The key takeaway here is, again – the bigger you can get your model to be, the better it will perform. In this case, Whisper does remarkably well even when dealing with noisy recordings, such as people talking over the phone or at home.

Overall, Whisper’s performance is approaching human-level robustness and accuracy – at least when it comes to English speech recognition.

4. Stable Diffusion (Stability AI)

Image generated by Stability AI

Okay, this one is not only important, but also super fun. Stable Diffusion, developed by Stability AI, is a text-to-image synthesis model trained and fine-tuned on a number of open image datasets.

The model is open source, which means you can download it for free and generate any number of 512x512 images using consumer hardware. If your system has at least 10GB of RAM, the process will take no longer than a few seconds.

Alternatively, you can play around with it on Hugging Face here without having to worry about whether your rig is fast enough to get the job done quickly.

The way Stable Diffusion works, from the user’s point of view, is very straightforward – you type in a short description of the image you want and click “Generate Image”. That’s it!

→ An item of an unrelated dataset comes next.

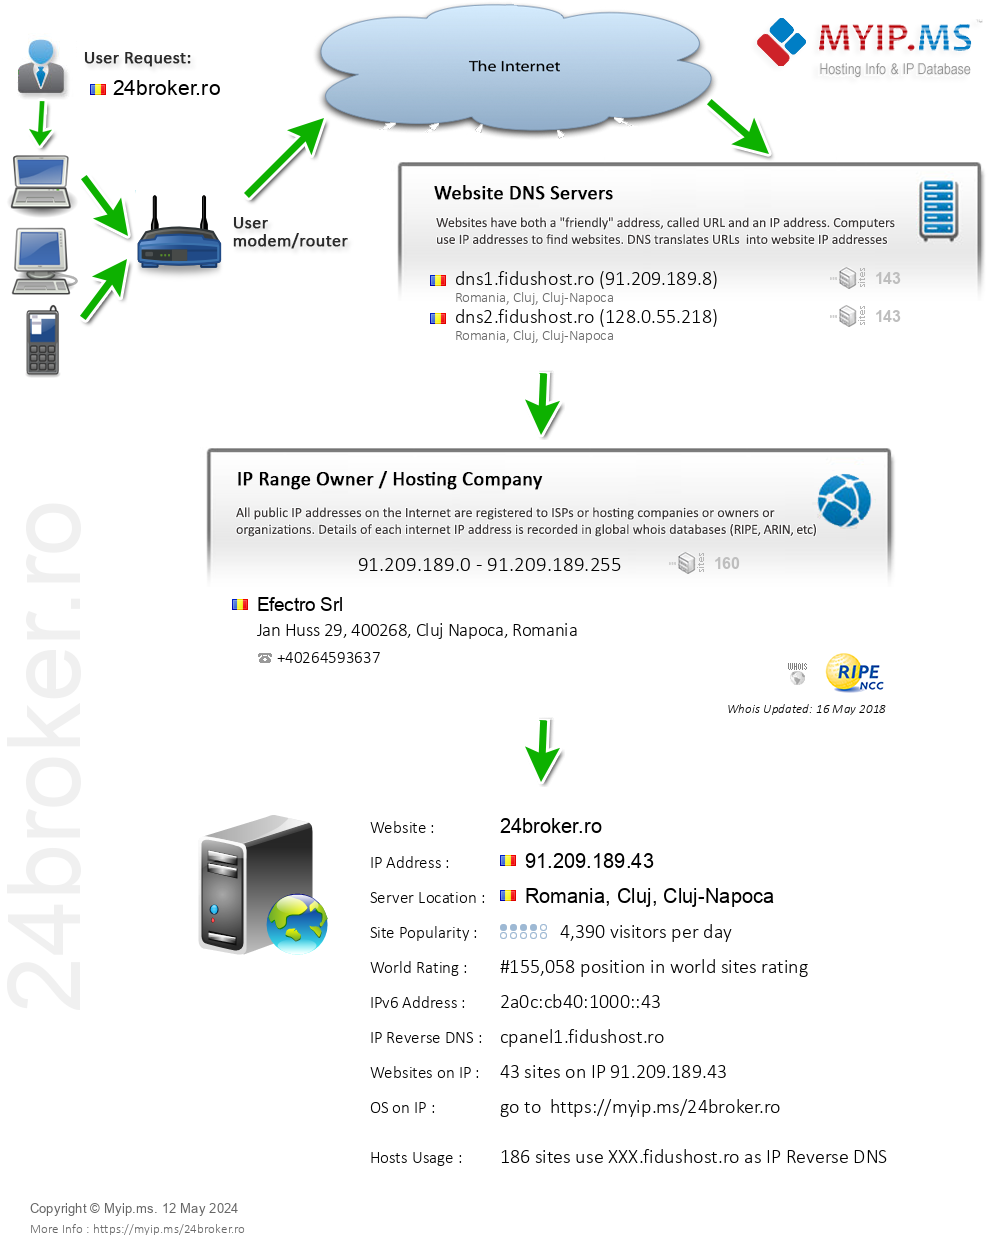 24broker.ro - Website Hosting Visual IP Diagram

To make things more interesting, you can also indicate your preferred style. For instance, rather than typing, “A pig riding a bicycle”, you can do, “A pig riding a bicycle in the style of Monet”. The only limit here is your imagination and tolerance level for trippy imagery.

In contrast to many other advanced models, with Stable Diffusion you don’t need any sophisticated infrastructure or thousands of GPUs to run. It works beautifully even on a simple mid-range laptop or PC.

5. Make-a-Video (Meta AI)

Image Credits: Meta

The last thing I want to briefly touch on in this article is Meta AI’s Make-a-Video. The idea here is largely the same as that behind Stable Diffusion – turning text prompts into video footage. Only in this case, you’d need a multi-GPU system to run it.

Make-a-Video was first trained on 2.3B text-image pairs and then fine-tuned using 20M internet videos. Meta AI claims it’s competitive with currently existing, fully supervised models, but in a zero-shot transfer setting and no fine-tuning (the latter isn’t quite true, but close enough).

Taking a look at the accompanying paper quickly reveals just how difficult it was to make something like this, especially considering the model’s output, which is highly detailed and realistic.

Obviously, when I say “video”, I don’t mean a clip that’s a minute long or even longer. We’re talking maybe a few seconds of footage here. Still, the result is quite amazing.

You can even use a series of images that you already have, and Make-a-Video will fill in the gaps for you, creating a short clip.

Conclusion

And that’ll do it for the review this time. With AI developing in leaps and bounds, many new discoveries and solutions are sure to come in the coming months and years. Who knows, maybe something new and amazing will have already dropped by the time you read this article! In any case, you can expect more updates from me in the near future.